======== DATASET EXTRACT

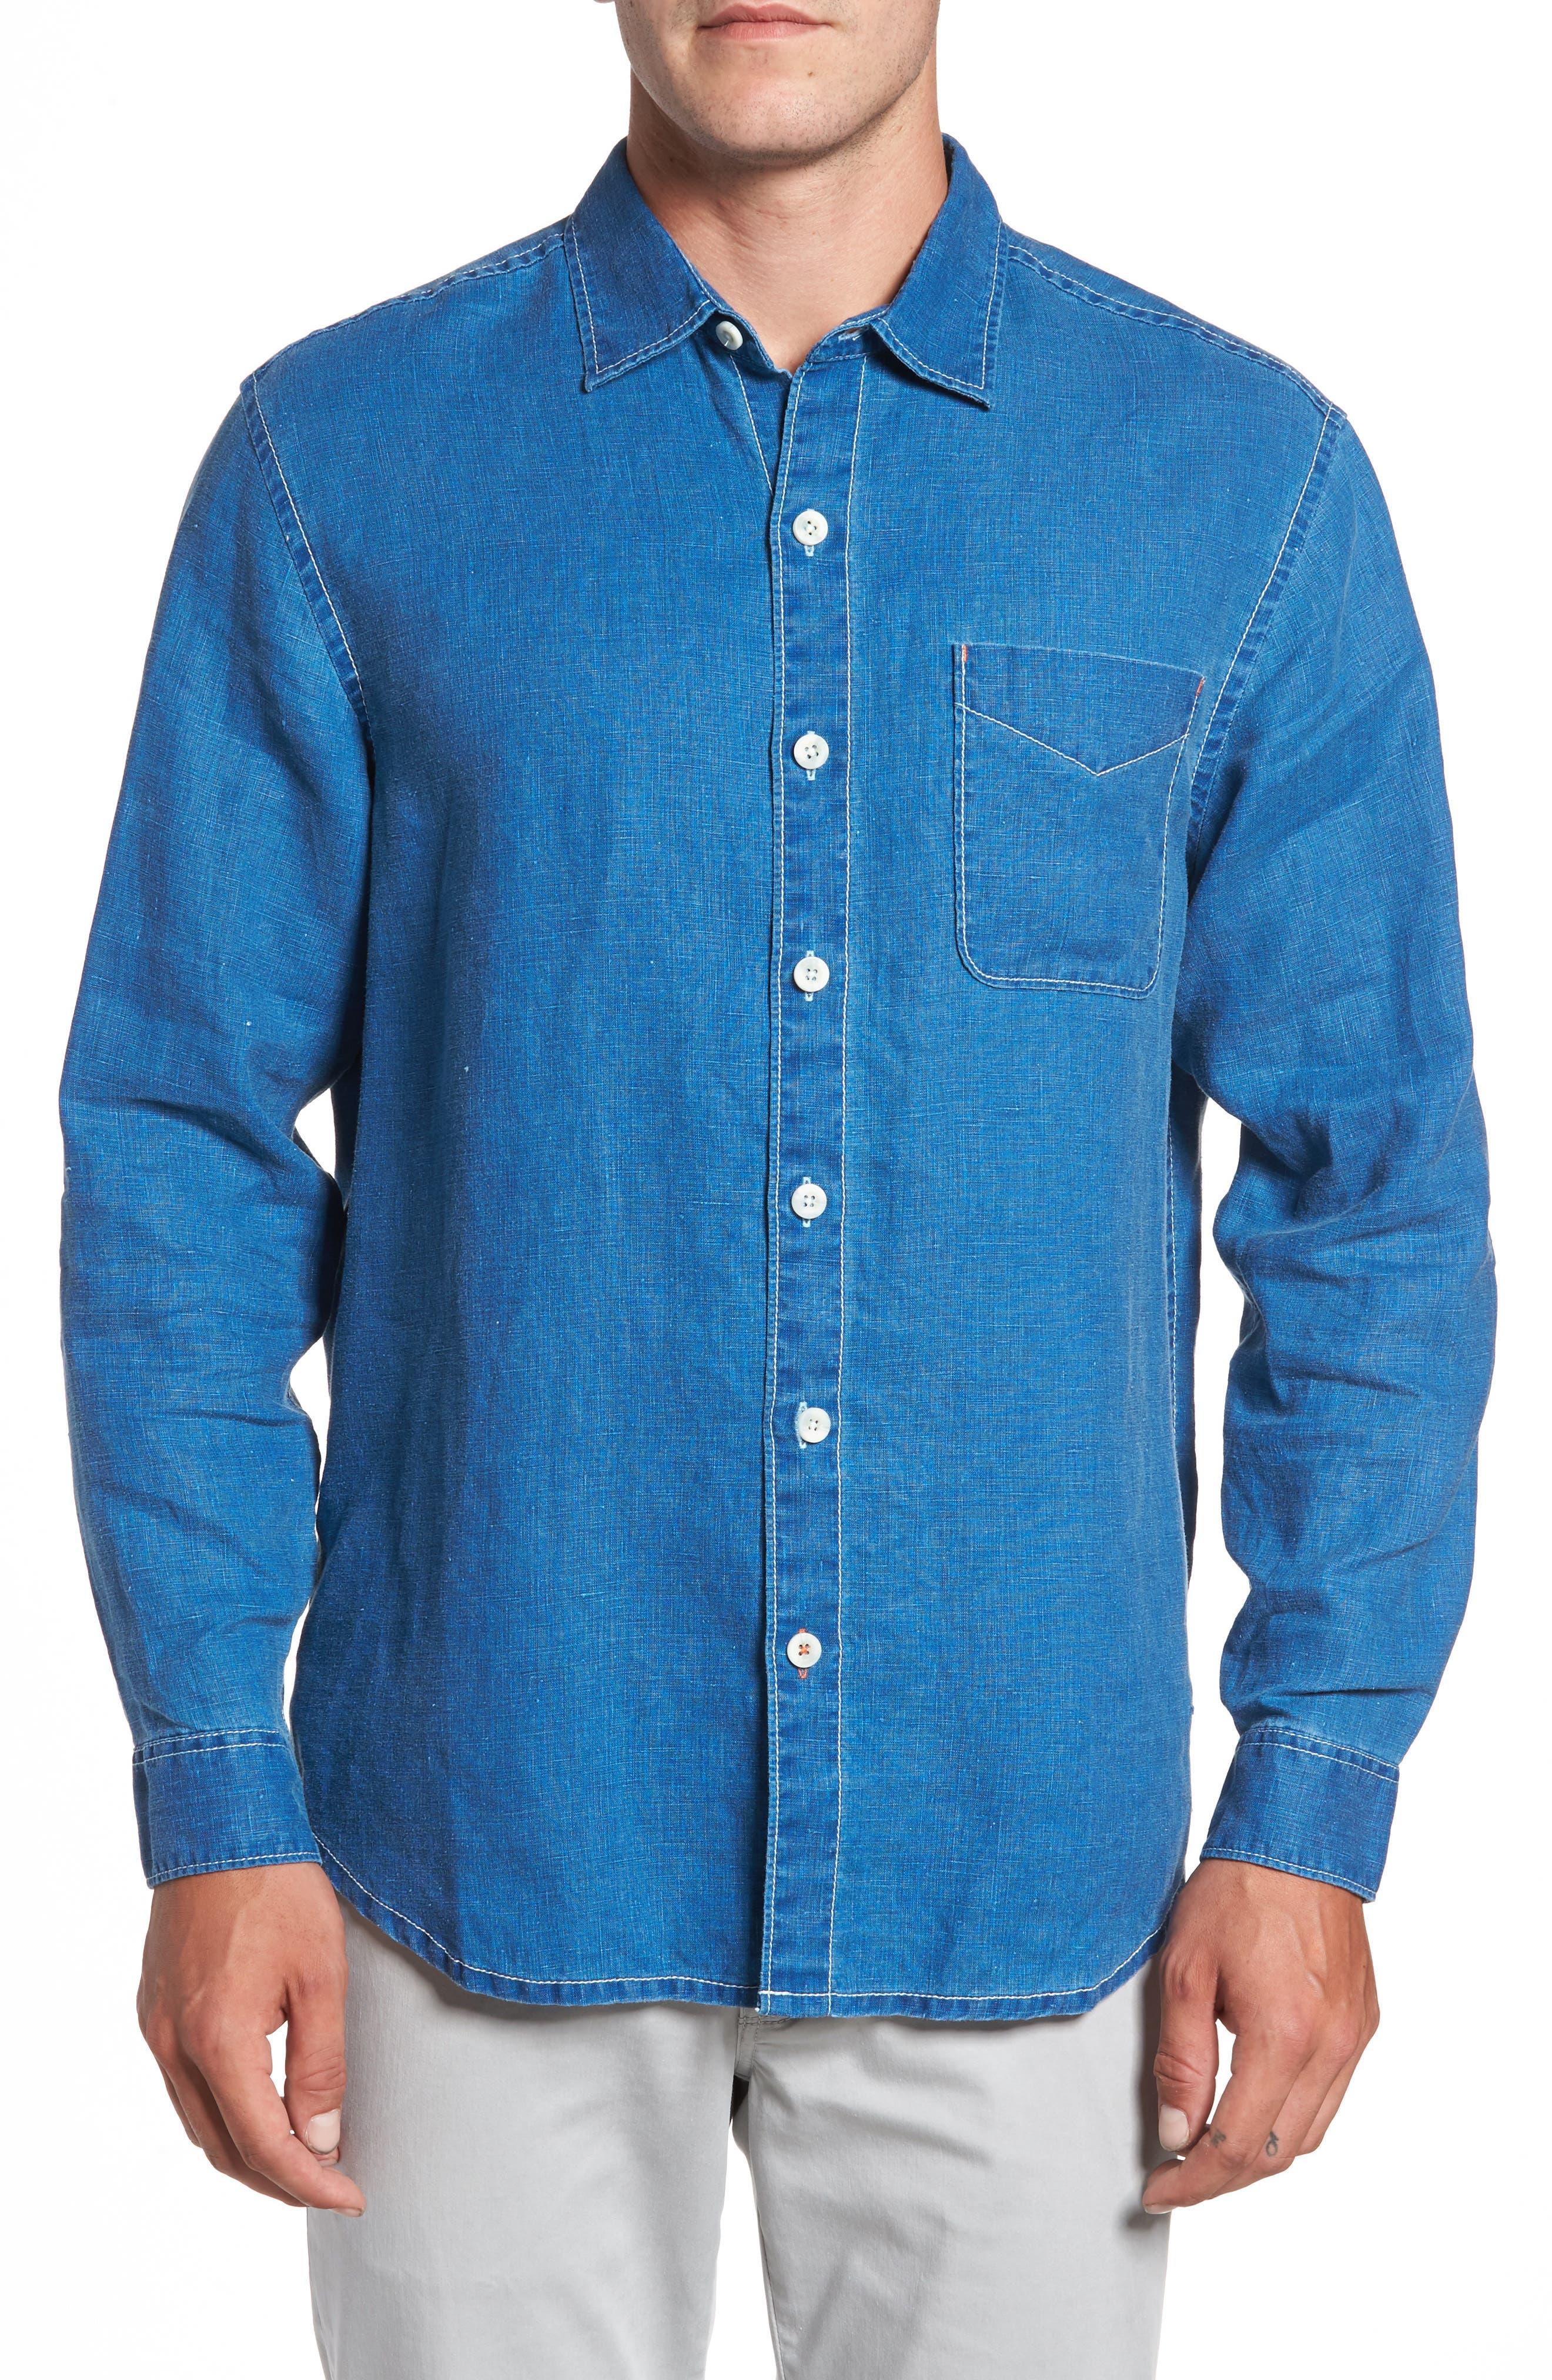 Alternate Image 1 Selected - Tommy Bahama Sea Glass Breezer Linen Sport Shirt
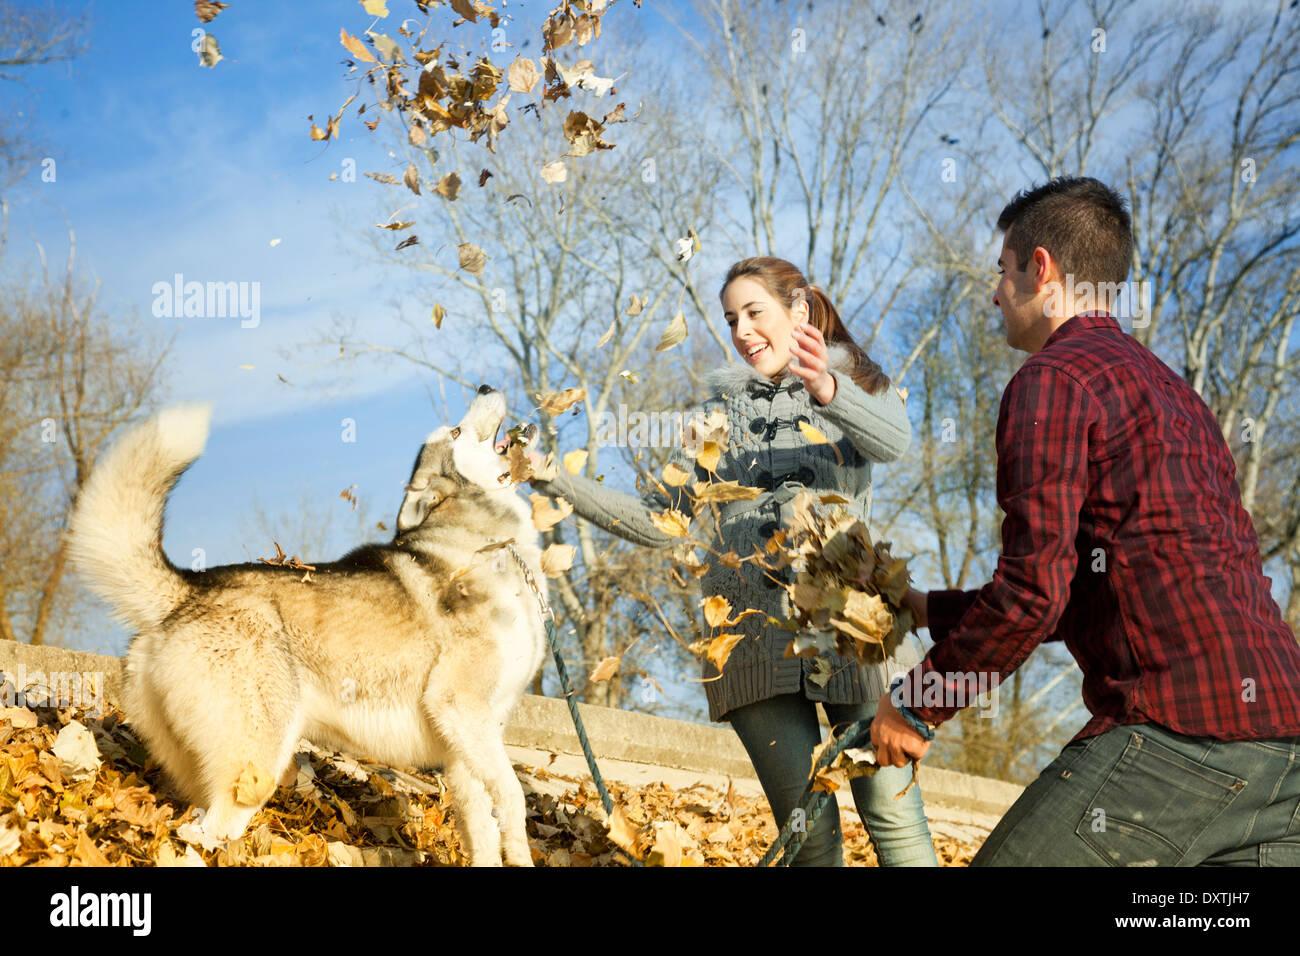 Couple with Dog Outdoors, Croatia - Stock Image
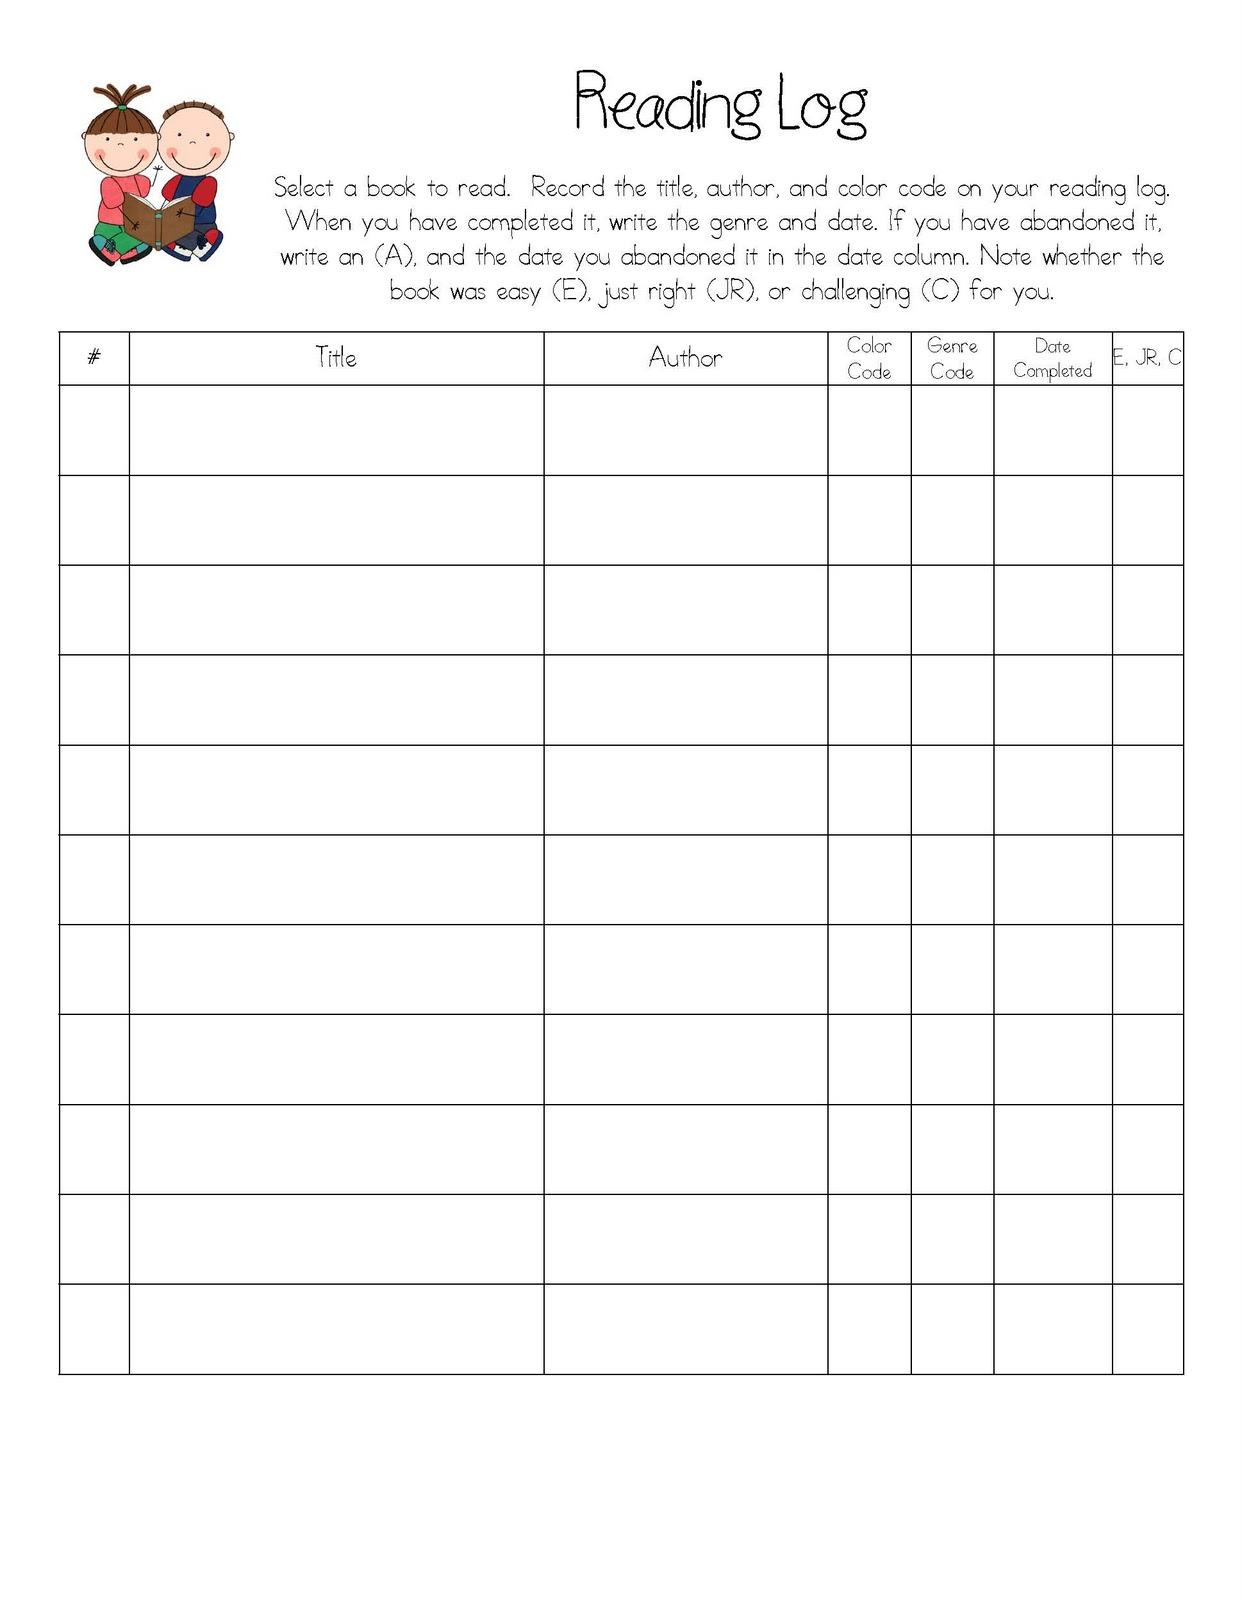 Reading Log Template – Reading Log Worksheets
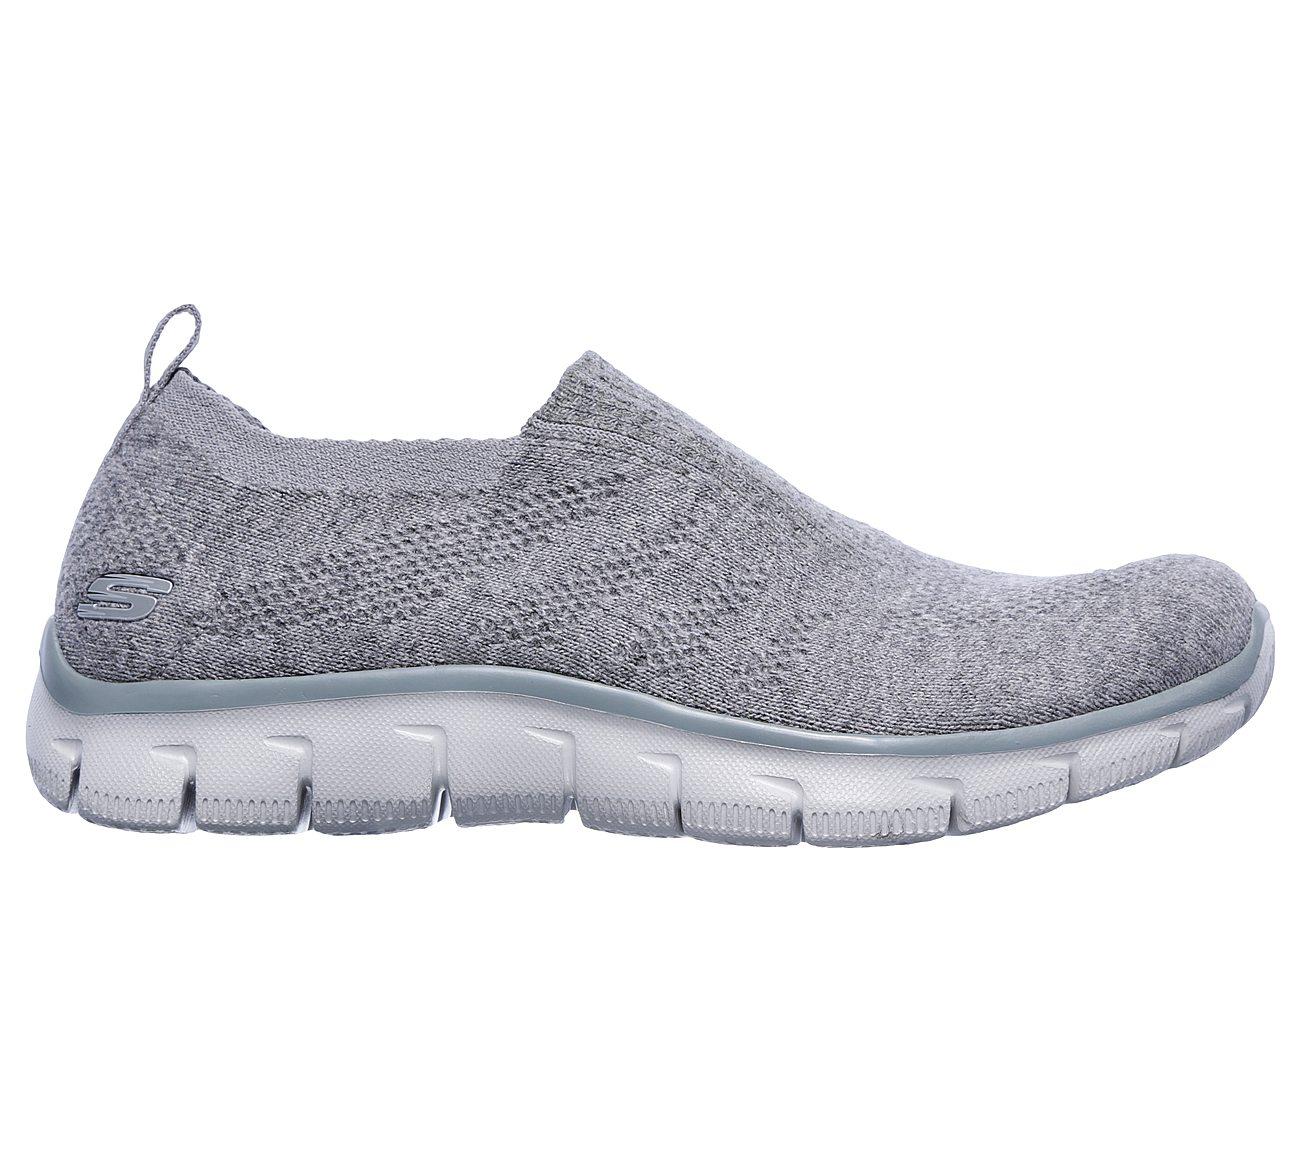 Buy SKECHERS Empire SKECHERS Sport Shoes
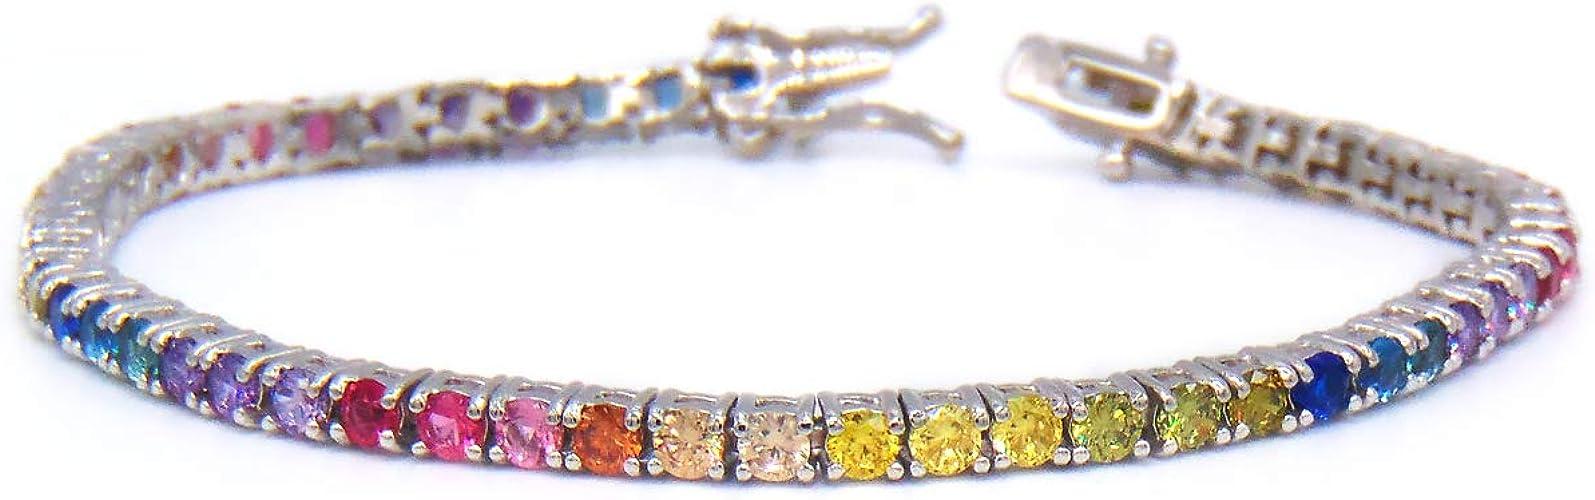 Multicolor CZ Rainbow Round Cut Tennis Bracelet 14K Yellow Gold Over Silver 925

================

* **ACTIVITY**: Without the pictures, retype all of the data above exactly.

* **RESULT OF THE EXERCISE**:
 Alternate Image 1 Selected - Tommy Bahama Sea Glass Breezer Linen Sport Shirt
 Couple with Dog Outdoors, Croatia - Stock Image
 Reading Log Template – Reading Log Worksheets
 Buy SKECHERS Empire SKECHERS Sport Shoes
 Multicolor CZ Rainbow Round Cut Tennis Bracelet 14K Yellow Gold Over Silver 925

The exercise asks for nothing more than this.